Look below for the line that contains "Comunicaci n la", then copy it and each following line exactly, through and including the line that contains "Virgen de Peñarroya, Aparece".

## Data excerpts
- - - - - - -

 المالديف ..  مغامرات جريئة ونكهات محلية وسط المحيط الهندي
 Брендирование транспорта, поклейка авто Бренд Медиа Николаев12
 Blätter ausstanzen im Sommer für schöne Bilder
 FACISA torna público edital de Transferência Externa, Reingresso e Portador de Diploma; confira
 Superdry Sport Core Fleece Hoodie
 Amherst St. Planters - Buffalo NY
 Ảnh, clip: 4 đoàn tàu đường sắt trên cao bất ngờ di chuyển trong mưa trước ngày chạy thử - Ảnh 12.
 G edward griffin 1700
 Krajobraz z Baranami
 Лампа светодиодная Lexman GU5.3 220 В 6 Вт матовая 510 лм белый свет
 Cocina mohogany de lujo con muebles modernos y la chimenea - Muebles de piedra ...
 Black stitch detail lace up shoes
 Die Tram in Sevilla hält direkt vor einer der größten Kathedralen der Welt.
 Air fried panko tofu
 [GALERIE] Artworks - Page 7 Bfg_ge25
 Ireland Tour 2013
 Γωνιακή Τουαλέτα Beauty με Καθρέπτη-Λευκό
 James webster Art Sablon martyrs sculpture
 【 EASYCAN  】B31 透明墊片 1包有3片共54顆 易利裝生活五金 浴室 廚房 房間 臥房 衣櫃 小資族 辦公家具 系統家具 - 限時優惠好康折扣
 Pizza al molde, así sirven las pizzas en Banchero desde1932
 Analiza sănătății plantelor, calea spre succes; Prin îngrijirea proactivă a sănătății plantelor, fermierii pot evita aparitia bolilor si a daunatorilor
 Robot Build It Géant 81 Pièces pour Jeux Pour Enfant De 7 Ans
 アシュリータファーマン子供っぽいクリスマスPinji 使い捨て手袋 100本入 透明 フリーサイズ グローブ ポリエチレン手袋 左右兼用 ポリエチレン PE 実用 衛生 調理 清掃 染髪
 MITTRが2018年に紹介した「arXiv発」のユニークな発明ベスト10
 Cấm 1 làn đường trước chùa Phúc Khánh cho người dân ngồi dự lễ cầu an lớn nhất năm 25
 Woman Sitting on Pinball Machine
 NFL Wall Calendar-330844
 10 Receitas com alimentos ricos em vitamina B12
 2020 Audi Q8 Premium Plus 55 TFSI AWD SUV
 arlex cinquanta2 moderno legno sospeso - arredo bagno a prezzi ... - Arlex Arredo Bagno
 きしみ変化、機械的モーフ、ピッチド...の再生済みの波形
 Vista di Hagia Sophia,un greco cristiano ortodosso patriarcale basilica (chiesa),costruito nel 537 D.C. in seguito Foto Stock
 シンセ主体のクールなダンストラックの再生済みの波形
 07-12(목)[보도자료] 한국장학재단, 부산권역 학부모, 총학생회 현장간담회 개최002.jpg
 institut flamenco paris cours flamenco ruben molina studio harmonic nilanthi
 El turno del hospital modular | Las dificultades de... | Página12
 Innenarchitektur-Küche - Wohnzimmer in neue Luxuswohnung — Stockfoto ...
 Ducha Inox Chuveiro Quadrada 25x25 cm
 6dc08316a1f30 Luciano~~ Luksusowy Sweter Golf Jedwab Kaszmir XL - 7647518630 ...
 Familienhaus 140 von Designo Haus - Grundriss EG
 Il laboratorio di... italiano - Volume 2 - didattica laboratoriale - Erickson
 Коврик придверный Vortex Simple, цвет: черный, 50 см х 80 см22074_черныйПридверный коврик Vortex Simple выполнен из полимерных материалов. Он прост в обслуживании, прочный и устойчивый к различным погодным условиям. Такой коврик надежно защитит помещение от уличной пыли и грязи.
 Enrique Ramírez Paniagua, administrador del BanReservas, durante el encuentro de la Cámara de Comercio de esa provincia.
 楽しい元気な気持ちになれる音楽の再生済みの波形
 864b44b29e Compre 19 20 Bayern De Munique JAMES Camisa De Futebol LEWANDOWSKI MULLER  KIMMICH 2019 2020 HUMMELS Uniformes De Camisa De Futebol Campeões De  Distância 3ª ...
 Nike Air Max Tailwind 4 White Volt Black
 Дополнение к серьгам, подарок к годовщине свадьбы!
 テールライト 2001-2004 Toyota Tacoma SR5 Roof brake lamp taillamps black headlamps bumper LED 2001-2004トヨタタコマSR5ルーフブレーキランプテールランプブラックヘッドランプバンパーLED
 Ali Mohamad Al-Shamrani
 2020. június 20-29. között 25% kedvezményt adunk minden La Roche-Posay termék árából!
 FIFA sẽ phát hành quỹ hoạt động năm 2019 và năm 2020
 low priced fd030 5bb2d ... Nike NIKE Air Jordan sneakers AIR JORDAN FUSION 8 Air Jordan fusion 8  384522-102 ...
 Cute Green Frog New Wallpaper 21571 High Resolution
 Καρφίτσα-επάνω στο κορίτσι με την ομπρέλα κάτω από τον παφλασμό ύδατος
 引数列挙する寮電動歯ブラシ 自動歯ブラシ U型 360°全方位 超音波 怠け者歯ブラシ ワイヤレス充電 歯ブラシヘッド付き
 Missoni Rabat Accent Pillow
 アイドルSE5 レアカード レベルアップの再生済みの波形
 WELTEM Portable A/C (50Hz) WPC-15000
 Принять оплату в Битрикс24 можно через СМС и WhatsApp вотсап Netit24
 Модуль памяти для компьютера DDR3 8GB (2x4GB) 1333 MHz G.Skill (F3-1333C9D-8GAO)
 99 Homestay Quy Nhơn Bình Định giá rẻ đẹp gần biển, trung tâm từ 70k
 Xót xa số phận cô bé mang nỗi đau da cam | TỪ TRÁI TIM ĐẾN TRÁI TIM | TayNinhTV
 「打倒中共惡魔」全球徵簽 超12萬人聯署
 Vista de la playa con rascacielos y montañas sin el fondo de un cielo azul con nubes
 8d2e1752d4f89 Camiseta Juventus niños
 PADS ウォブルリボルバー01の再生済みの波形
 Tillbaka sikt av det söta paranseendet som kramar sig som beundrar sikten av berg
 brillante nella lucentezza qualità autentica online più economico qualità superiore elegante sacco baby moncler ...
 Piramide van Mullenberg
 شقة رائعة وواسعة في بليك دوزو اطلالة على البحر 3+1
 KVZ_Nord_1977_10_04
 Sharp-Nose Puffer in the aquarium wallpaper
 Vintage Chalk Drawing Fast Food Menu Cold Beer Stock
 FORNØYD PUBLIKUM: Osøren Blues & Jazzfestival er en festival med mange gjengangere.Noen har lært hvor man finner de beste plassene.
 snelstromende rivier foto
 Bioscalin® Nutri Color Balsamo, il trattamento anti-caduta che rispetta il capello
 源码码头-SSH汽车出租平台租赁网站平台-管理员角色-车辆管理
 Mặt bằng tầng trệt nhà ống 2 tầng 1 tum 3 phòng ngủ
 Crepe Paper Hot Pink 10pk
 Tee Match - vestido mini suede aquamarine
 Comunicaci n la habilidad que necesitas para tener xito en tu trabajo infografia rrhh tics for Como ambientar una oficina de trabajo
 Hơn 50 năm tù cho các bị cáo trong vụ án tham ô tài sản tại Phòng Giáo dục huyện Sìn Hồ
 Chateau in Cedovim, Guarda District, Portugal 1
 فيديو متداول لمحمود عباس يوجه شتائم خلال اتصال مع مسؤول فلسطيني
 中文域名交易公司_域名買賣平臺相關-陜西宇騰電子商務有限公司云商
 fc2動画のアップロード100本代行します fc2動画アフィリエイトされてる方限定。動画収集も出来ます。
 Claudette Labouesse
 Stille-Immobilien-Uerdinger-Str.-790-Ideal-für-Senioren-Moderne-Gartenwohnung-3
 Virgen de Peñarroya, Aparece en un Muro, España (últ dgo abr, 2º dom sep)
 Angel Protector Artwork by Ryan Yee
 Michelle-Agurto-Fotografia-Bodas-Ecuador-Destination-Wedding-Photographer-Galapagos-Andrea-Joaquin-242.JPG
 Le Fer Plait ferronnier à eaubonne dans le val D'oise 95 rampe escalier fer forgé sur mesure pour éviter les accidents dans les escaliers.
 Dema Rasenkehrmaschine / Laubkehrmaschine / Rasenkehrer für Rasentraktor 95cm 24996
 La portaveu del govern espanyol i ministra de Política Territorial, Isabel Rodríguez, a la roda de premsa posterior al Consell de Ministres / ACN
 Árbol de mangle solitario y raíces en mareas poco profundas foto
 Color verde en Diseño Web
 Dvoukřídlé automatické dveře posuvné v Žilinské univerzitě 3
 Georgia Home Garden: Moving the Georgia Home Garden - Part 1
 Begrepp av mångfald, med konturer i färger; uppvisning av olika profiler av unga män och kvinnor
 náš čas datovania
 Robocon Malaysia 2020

- - - - - - -

## FINAL ANSWER
 Comunicaci n la habilidad que necesitas para tener xito en tu trabajo infografia rrhh tics for Como ambientar una oficina de trabajo
 Hơn 50 năm tù cho các bị cáo trong vụ án tham ô tài sản tại Phòng Giáo dục huyện Sìn Hồ
 Chateau in Cedovim, Guarda District, Portugal 1
 فيديو متداول لمحمود عباس يوجه شتائم خلال اتصال مع مسؤول فلسطيني
 中文域名交易公司_域名買賣平臺相關-陜西宇騰電子商務有限公司云商
 fc2動画のアップロード100本代行します fc2動画アフィリエイトされてる方限定。動画収集も出来ます。
 Claudette Labouesse
 Stille-Immobilien-Uerdinger-Str.-790-Ideal-für-Senioren-Moderne-Gartenwohnung-3
 Virgen de Peñarroya, Aparece en un Muro, España (últ dgo abr, 2º dom sep)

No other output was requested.